How Hong Kong and the GBA Can Grow the Next Generation of China Success Stories

In 2014 when Jacopo Pesavento formed his plan to set up a branding and marketing company in Hong Kong he was sat on a couch in a friend's Beijing apartment listening to music, struggling to come up with a name. Then the 36-year-old native of Milan had what in the branding business is a must: a lightbulb moment, which he described, saying: “I said the business would be like a record company. It would take unknown talent with potential and by branding and marketing them properly, turn them into superstars.”

Fast-forward five years and Branding Records would seem to have been an inspired name, as the company, based at Cyberport, the Hong Kong business hub, has a total of 180 clients, 40 of them currently active, ranging from start-ups to SMEs and multi-national companies.

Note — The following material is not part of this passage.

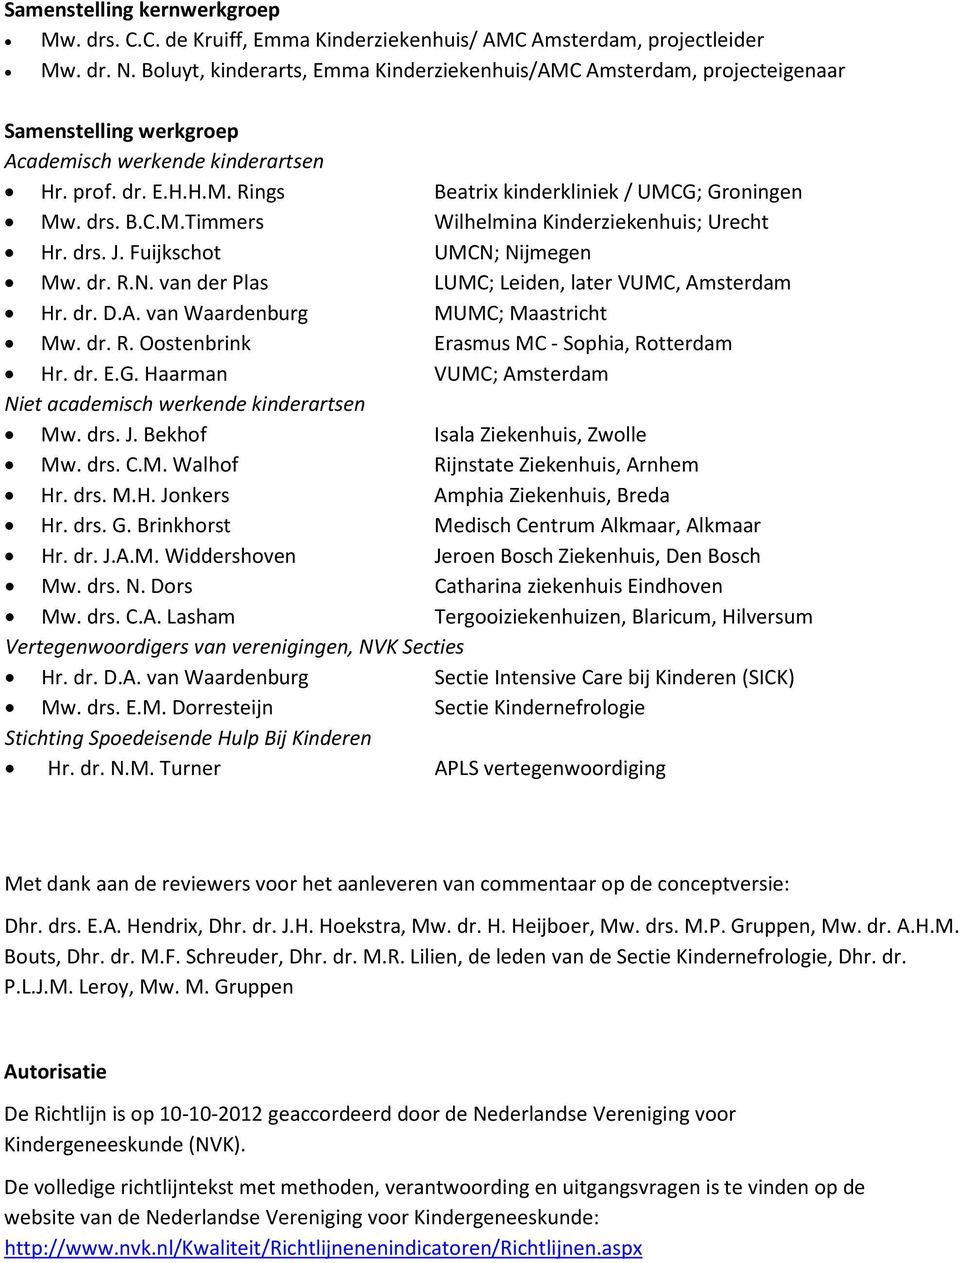 drs. B.C.M.Timmers Wilhelmina Kinderziekenhuis; Urecht Hr. drs. J. Fuijkschot UMCN; Nijmegen Mw. dr. R.N. van der Plas LUMC; Leiden, later VUMC, Amsterdam Hr. dr. D.A. van Waardenburg MUMC; Maastricht Mw.

The business, which employs 20 people of varied nationalities, has also expanded its operations into Shanghai. Pesavento hopes that the much-vaunted Greater Bay Area (GBA) initiative will create more opportunities for his business, as China continues its phenomenal journey of economic growth and expansion into its super-charged south.

The GBA aims to closely link nine major provincial cities in Guangdong province with the Hong Kong and Macao Special Administrative Regions (SARs) to create an economic zone which will form a key component in the next phase of China's economic development. The area covered by the initiative has a combined gross domestic product of US$1.5 trillion.

Pesavento was positive about the opportunity for his company, saying: “The founders of the company are Italian and we have about 20 employees of different nationalities. Italians, Germans, Spanish, French, mainland Chinese and Chinese from the US, so our company is a mixture of people from around the world. I believe this equips us to take advantage of this initiative.”

Greater Bay Area Goldmine

While doing business in southern China in recent years, Branding Records has discovered a number of ‘X-factors’ and Pesavento describes the opportunities provided by a successful GBA initiative as a potential goldmine. He said: “There are a large number of 1980s factories producing everything from bags, shoes and garments to furniture; components and sunglasses – everything. This has given us an opportunity to start developing brands. We also discovered that those companies which have been producing for the west for many, many years are now finding that their costs are rising like crazy.

“Workforce costs have doubled, the price of raw materials has increased by up to 70% on what it was 20 years ago and the buyers – largely from the US and Europe – want their products at a cheaper price, so manufacturers are finding it increasingly difficult to square this circle and make money.

"With the experience of more than two decades of record-breaking growth, it became increasingly clear to many companies that the energy expended battling to square this circle may not be the most efficient way of taking businesses forward. The domestic market is growing at a break-neck speed, opening up a huge potential to grow domestic brands, with Xiaomi and Huawei serving as good examples. Now many businesspeople are starting to think in terms of becoming the next Huawei, or the next Xiaomi.”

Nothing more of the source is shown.